Sobreviver em tempos de desumanização

O homem mais rico do mundo age como se fosse CEO da América, fechando agencias inteiras, estabelecidas pelo congresso. Nas horas vagas participa de eventos de partido nazista. Tudo sem nenhum tipo de freio ou responsabilização. Este mesmo homem declarou uma cruzada pessoal contra o "woke mind virus", mentalidade progressista que seria culpada pela transição de sua filha, Vivian Wilson, ainda menor de idade. O processo de transição teve consentimento assinado do pelo pai, que agora declara que seu “filho está morto".

Há um mês, num gesto de obediência antecipada ao novo regime, a Meta afrouxou filtros de segurança, apagou marcações de orgulho LGBT+ e cortou contratos com verificadores de fatos. Agora, até rotular pessoas LGBT+ como doentes mentais é permitido, ignorando décadas de luta contra a patologização de nossas identidades.

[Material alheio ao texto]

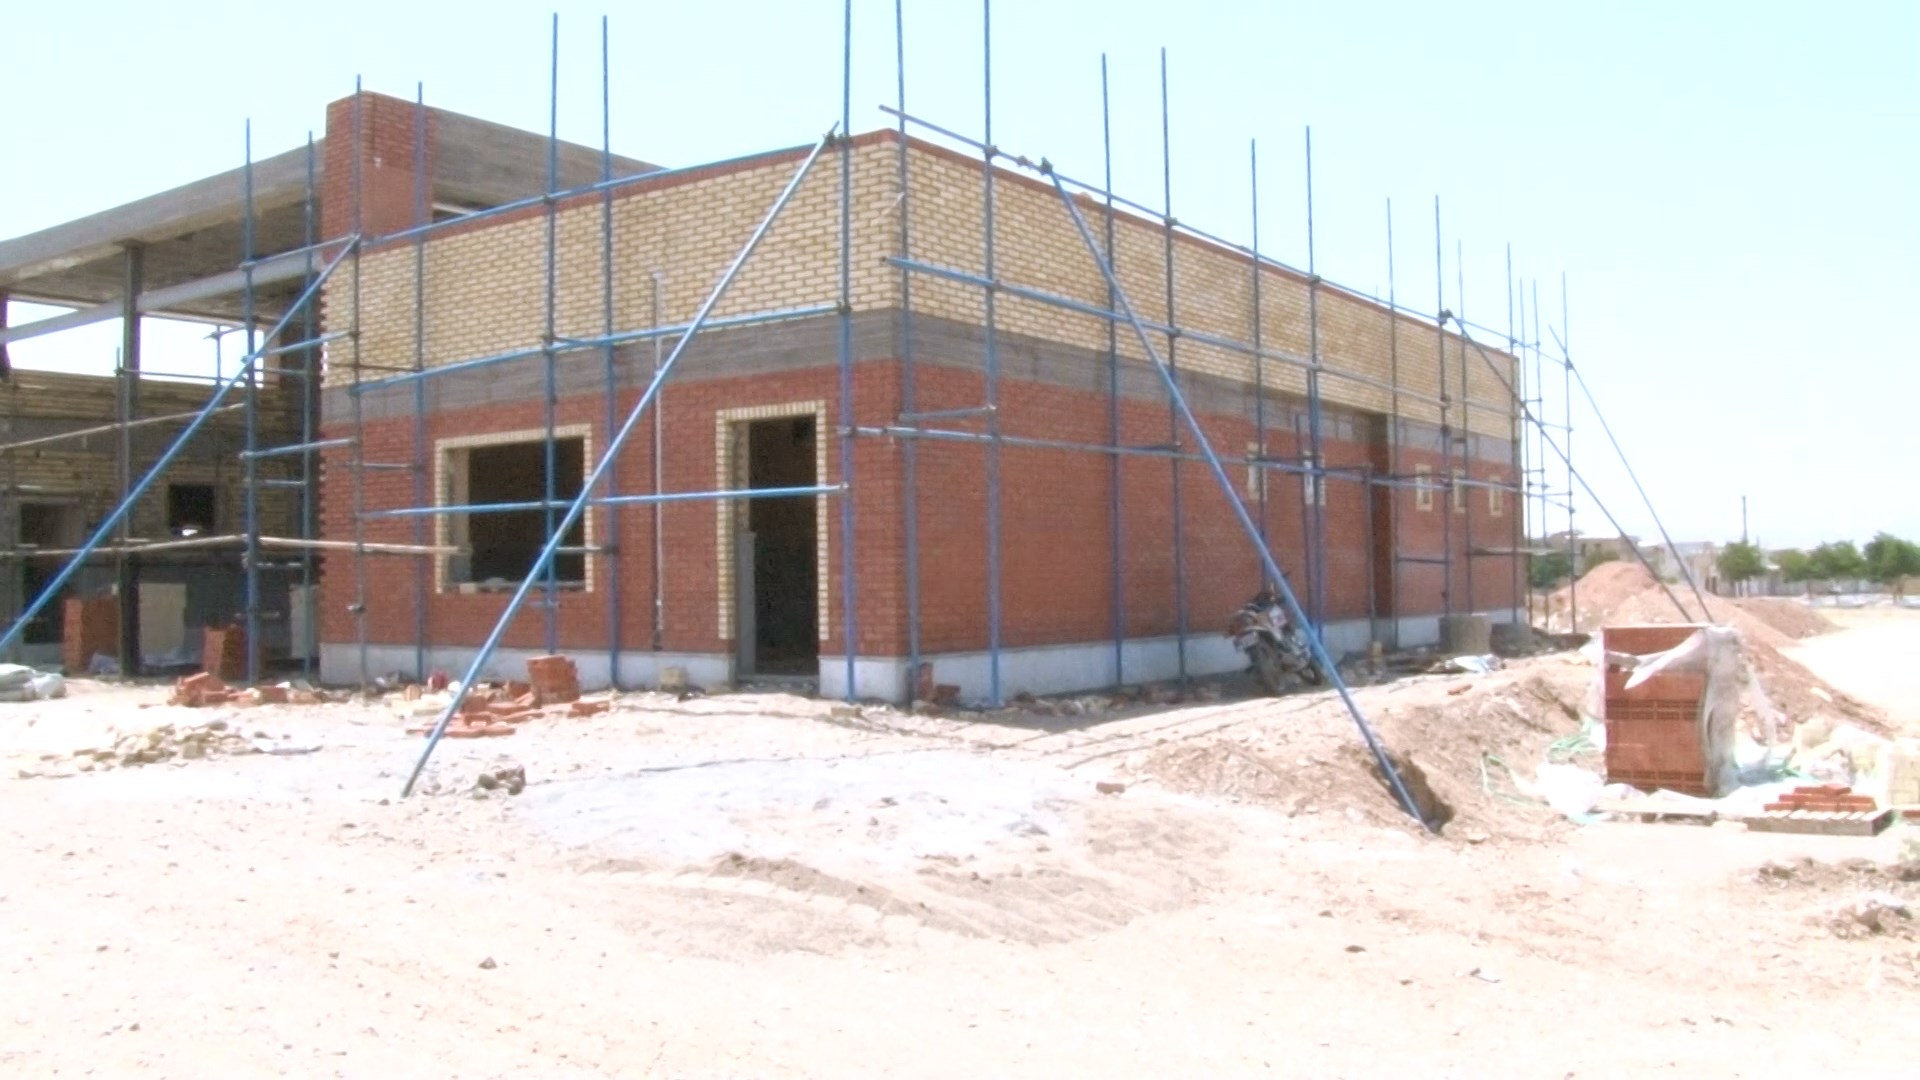 محمد رضا شفیعی شهردار وزوان :مرحله اول ساختمان آتش نشانی شهر وزوان با بیش از ۸۰ درصد پیشرفت فیزیکی در حال ساخت است.

Enquanto discutimos os gestos desses "grandes homens", não podemos esquecer das pessoas que sofrem os maiores impactos de suas ações. Discursos de ódio, quando normalizados, produzem agressões concretas. Nas últimas eleições, a Sentinela, nosso programa de combate à violência política, identificou mais de 1.000 comentários transfóbicos em um único vídeo de uma candidata. Em novembro de 2024, o corpo de outra candidata trans foi encontrado degolado.

Embora tenhamos alcançado recordes de participação política e sucesso eleitoral, nossas lideranças enfrentam ameaças constantes de estupro e de morte. As deputadas federais Erika Hilton e Duda Salabert, por exemplo, precisaram de escolta armada e colete à prova de balas em suas campanhas.

Estamos em um prelúdio cruzado de Matrix, com nossas realidades sendo manipuladas por elites tecnológicas, e The Handmaid's Tale, onde direitos básicos vão sendo retirados à força. De um lado, bilionários transformam monopólios de comunicação em palcos para ideais supremacistas, lucrando com o ódio e a desinformação. Do outro, a erosão implacável das liberdades e instituições. Não estamos assistindo a uma distopia fictícia, mas a um roteiro real acontecendo diante de nós. Nas próximas cenas, muitas pessoas vão morrer. Seja por agressões físicas, deterioração da saúde mental, desamparo ou abandono, as recentes medidas contra pessoas trans vão deixar um rastro ainda maior de sangue. 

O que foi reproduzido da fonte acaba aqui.